Sanrio then began selling handbags and other items marketed to adult women in the ’90s, further expanding its base, according to the Independent. By the end of the decade, Hello Kitty was the country’s top-grossing character.
University of Hawaii Anthropology Professor and Hello Kitty expert Christine Yano said Hello Kitty had an immediate impact on Asian Americans when the character was launched in the U.S.
“When Hello Kitty arrived in the U.S. in the mid-1970s, it was a commodity mainly in Asian enclaves: Chinatowns, Japantowns, etc.,” Yano told the LA Times. “In talking to Japanese Americans who grew up in the 1970s, they say, ‘That figure means so much to us because she was ours.’ It’s something they saw as an identity marker.”
According to Yano, Sanrio eventually penetrated American popular culture after celebrities such as Mariah Carey and Cameron Diaz began associating themselves with the character.

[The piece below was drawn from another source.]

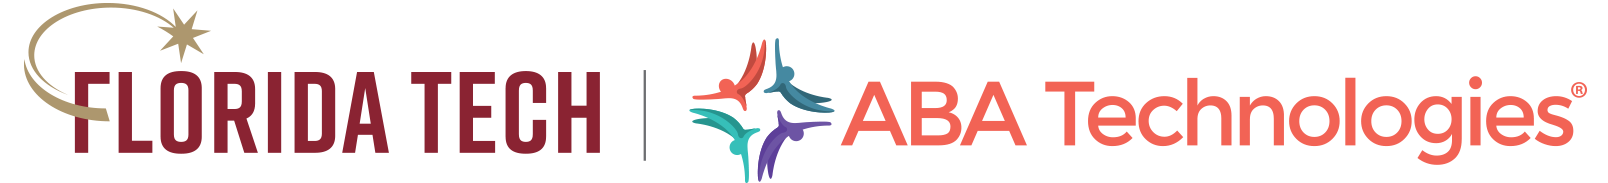 Florida Tech Logo and ABA Tech Logo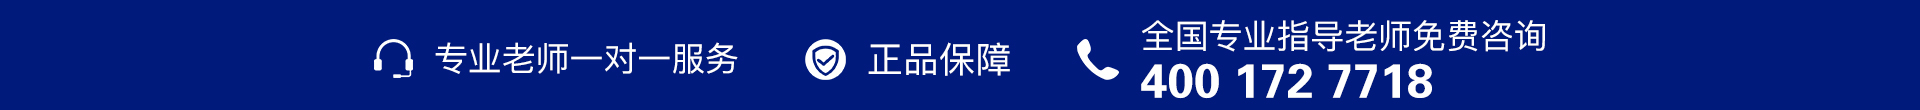 蓝色电话-banner图下方-PC - 副本 (2).jpg

“It went from an Asian-American niche market to a much broader market, so that by the 90s Hello Kitty was fairly widespread and distributed to department stores,” Yano told The New Economy.
Hello Kitty’s skyrocketing popularity resulted in officially licensed cartoons, books and video games about the character. Kitty also became the star attraction in theme parks Sanrio established in Japan in the early ‘90s.
The lasting appeal of the character’s simple yet adorable aesthetic has continued to help Sanrio earn billions of dollars in revenue.
Yano, who wrote the academic paper “Pink Globalization: Hello Kitty’s Trek across the Pacific,” shared in an earlier interview with The Harvard Gazette that Hello Kitty’s success can be attributed to its “very clever, aesthetically pleasing design, which a lot can be read into.”
Today, Hello Kitty’s likeness can be seen on thousands of products, ranging from mass market items like toys and plushies to high-end collectible products such as jewelry and household appliances. Last year alone, Sanrio is estimated to have made $273.5 million in global earnings.
At the young age of 47 years old, there seems to be no sign of slowing down for this 5-apple-tall girl from London.